其实孙棍宗的腿很迅猛,但却又很软,柯博不会感到痛,但的确有明显的冲击力。刚开始他佩服极了,一度认为是孙棍宗的顶尖腿法,踹却不伤。但后来他偶然向下瞥了眼才发觉孙棍宗有往胫上裹绷带,以及鞋上同样....
他在百忙之中的挥棍里喘着粗气责问,“孙老,你怎么能浪费资源?”
“我不浪费我腿骨十有八九得折。”孙棍宗显得好不慌张,振振有词。
“不是,那我屁股呢?你每的次搞我我那么重的摔下去。”柯博经启发开始担心起了自己的髋骶。
“年轻人,不要这么囊揣,下面又不是没有草。”说罢,孙棍宗又是一记鞭踢——由于柯博有些懈怠而腿软了,他再次“我擦”一声颠地。
爬起后柯博闷声继续反复动作。而孙棍宗发觉柯博警惕心再度暴涨后便不再做出手,他开始教导疏通:“你之前有那把棍打什么都削铁如泥,但我告诉你,那全凭那棍子奇重且锋利。你自身的能力完全达不到那种程度。但如果我们的姿势正规了,你的那把棍子也能被发挥到新的高度,所以我们现在先开始练习挥棍姿势,与下盘稳定性,就像我说的,基础很重要,我都时不时会回顾,然后恍然大悟。做得好是精神鼓励不好有差忒是要进步的警报。”他顿了片刻把柯博右肘向上托了下:“你每次挥得多用力将决定你未来的强度,倾尽全力未来就会是倾尽全力的等级。”
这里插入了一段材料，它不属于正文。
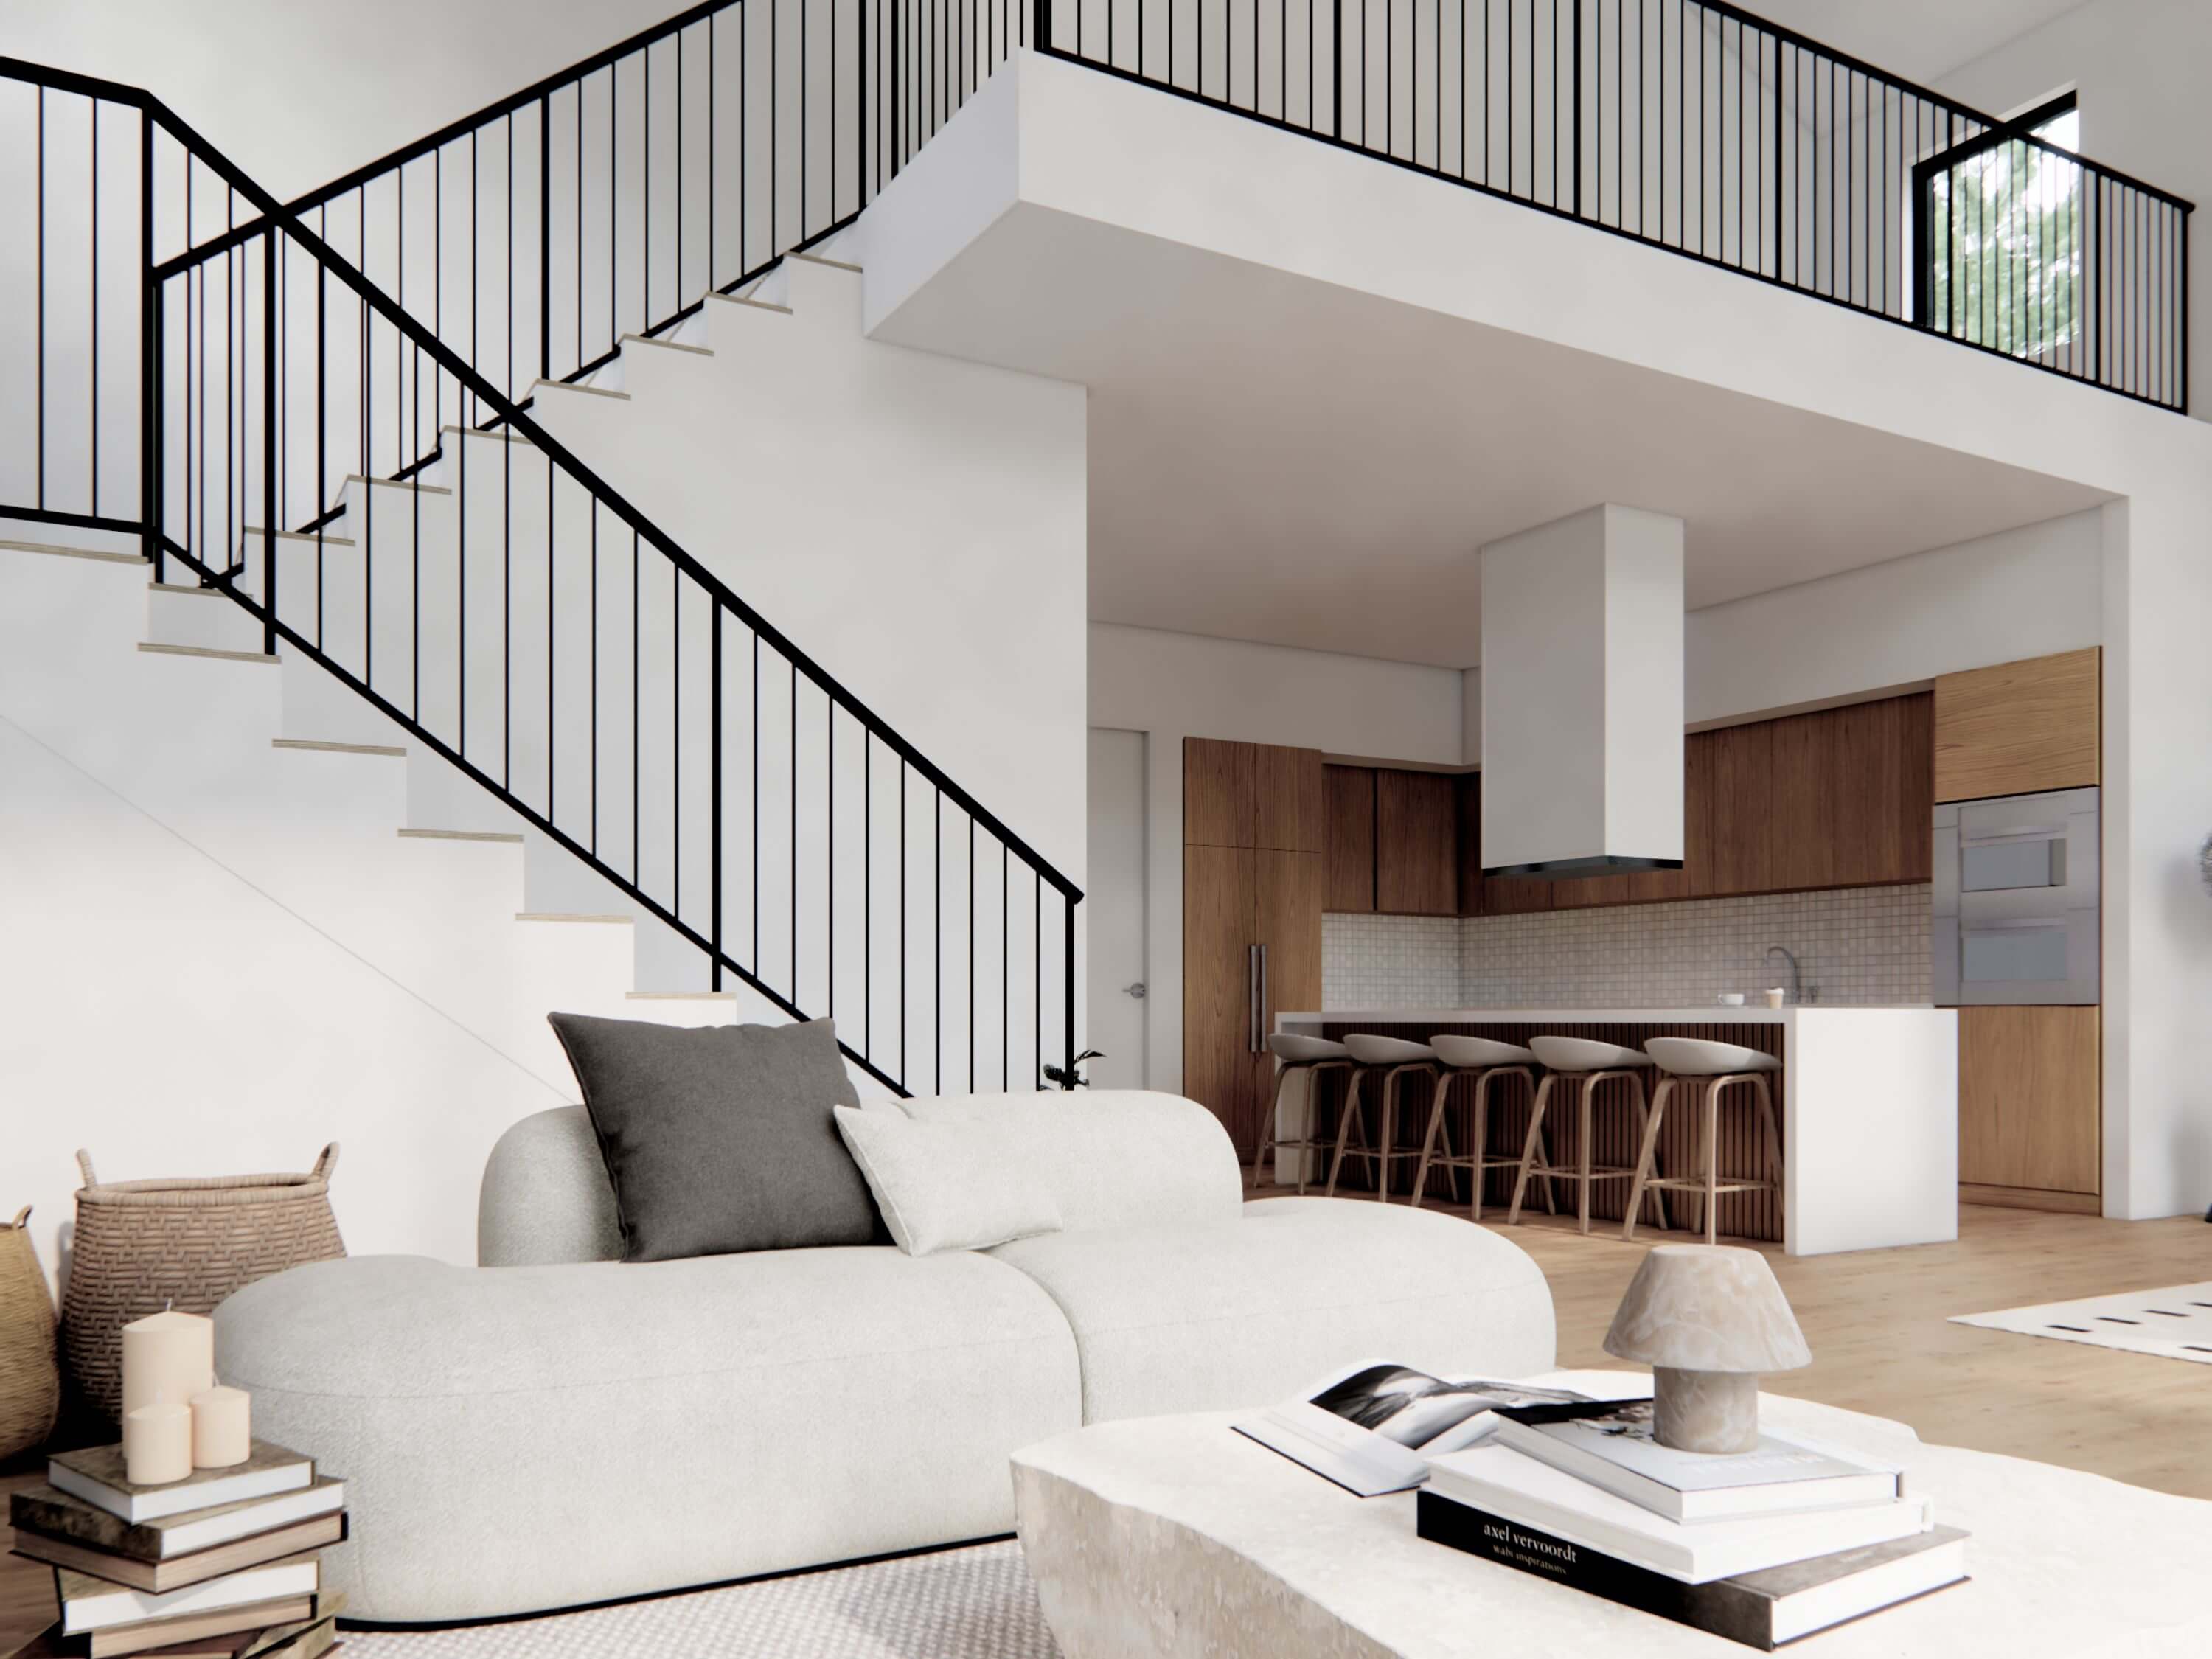 barndominium interior ideas: DWF 5BD Nordic Barndo Living Room, Kitchen and Loft Stair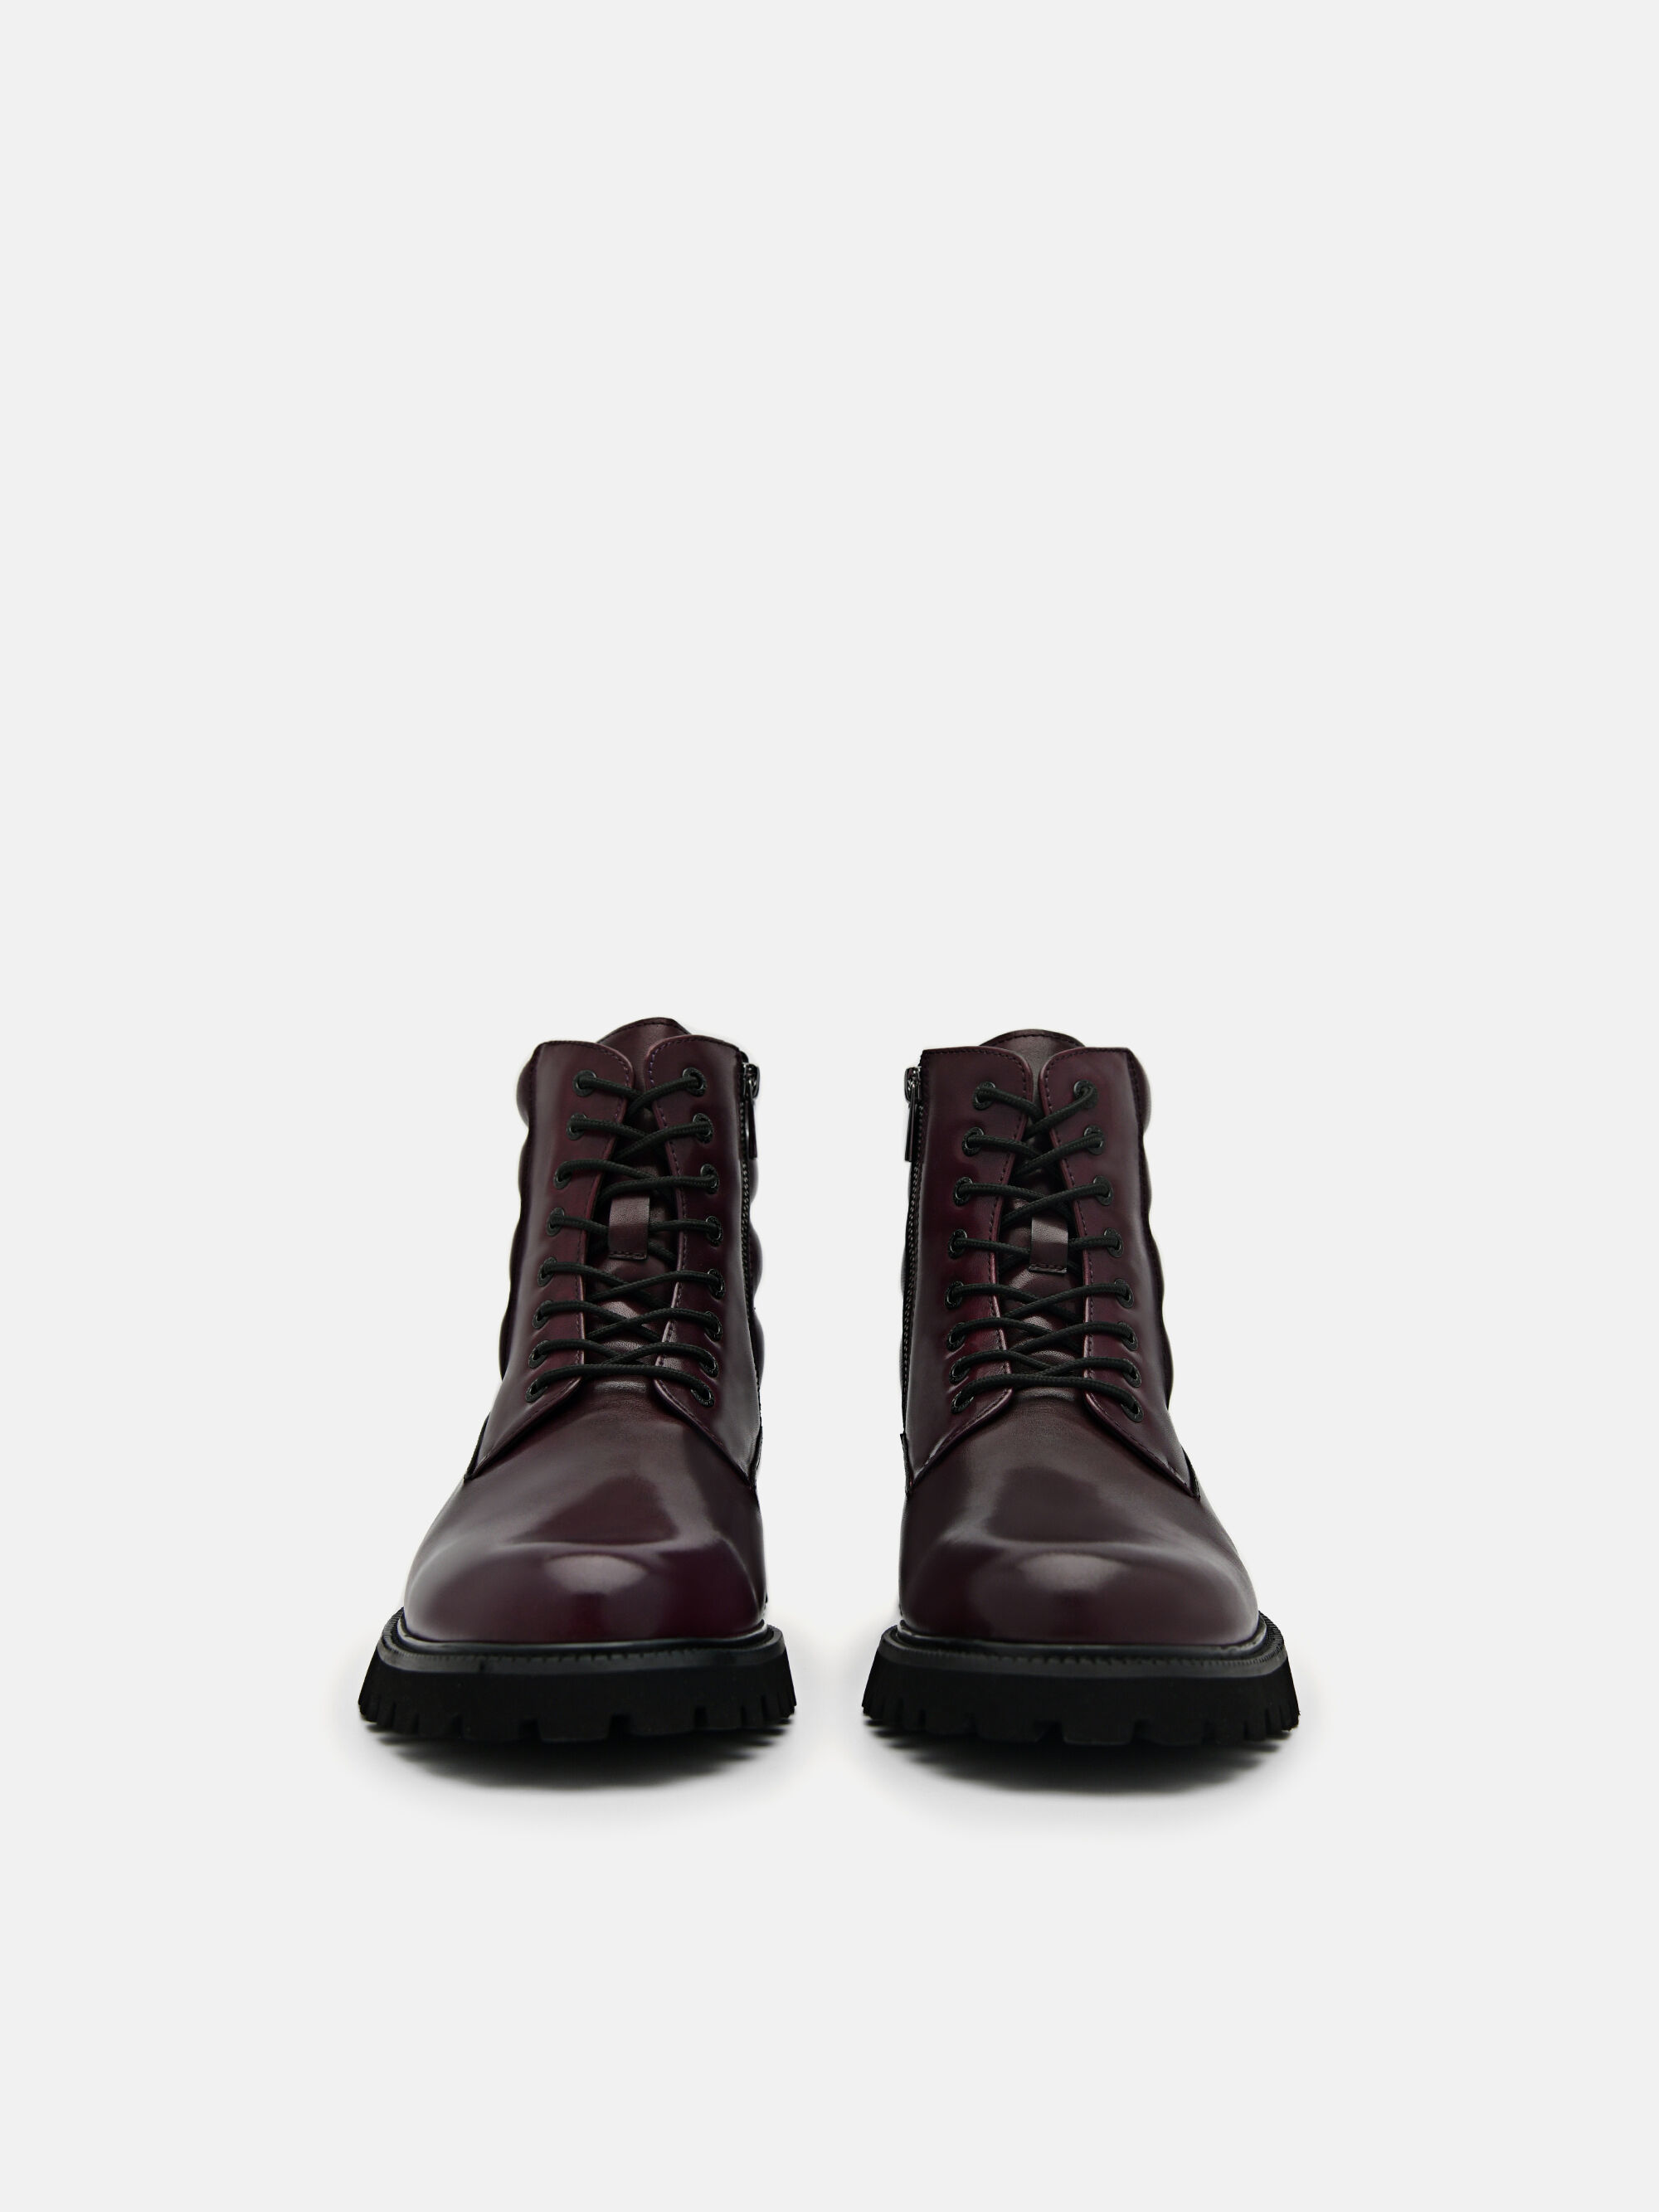 Jay Leather Boots, Dark Purple

解释不久,孙棍宗逮着破绽蓦地又踢了一记给柯博,他顿时再度屁股着地。其实柯博真摔烦了,他就像好好地挥棍,可老是被打断着实不巧。于是柯博在又一次提起精气神站起重整旗鼓后,暗下决心下次一定要禁伫。
蓄守设。
然而,他却在不经意间坠入了孙棍宗的圈套中。他才是进行侵犯的那方,因此留流动就不利的只有柯博,他无任何影响。然而柯博认真起来是很明显的,意志转移到棍上也尽溢于言表,因此孙棍宗只观察柯博的表情,每当他失神即可趁着间隙使踬,见缝插针。而柯博不可能永远都保持高度警惕,因此柯博在不经意间转被动了。
在几次失败的尝试后,柯博也逐渐发觉了对方的伎俩——当然,孙棍宗也没试着掖谩,只是想测测看柯博的悟性,显然中规中矩——这手法要破,他想到,只能通过反应力。便是不要等他进攻,因为全神贯注太久柯博早晚会注意力疲劳而涣散,那到时孙棍宗则顺势而为,柯博到头来只会陷于被动。然而纯比反应,不故意警惕的话,柯博和孙棍宗便皆为主动。
后面的攻势柯博果然顺利挺过了,孙棍宗点了两下头,但偶尔依然会——给他识破机会地——进行偷袭,想锻炼柯博的相应速,以及下盘稳定性。当然,从柯博发现诀窍起效果就不大了,因此如今便主要是专攻相应能力的训练,以及兼为他松懈时的提醒。
不久后,柯博已成功持续挥棍了一千下——花了将近三十几分钟。他早已汗津津漫全身,且用功到每一次的挥棍他都能听见空气被撕裂的声响,可见有下功夫。
将棍子放下,柯博遵循指示从地上拾起了赑夫棍,这时他呼吸急促,将棍竖于地,双手压其头端而靠身。“孙老,你能解释下给我这把的原因吗?”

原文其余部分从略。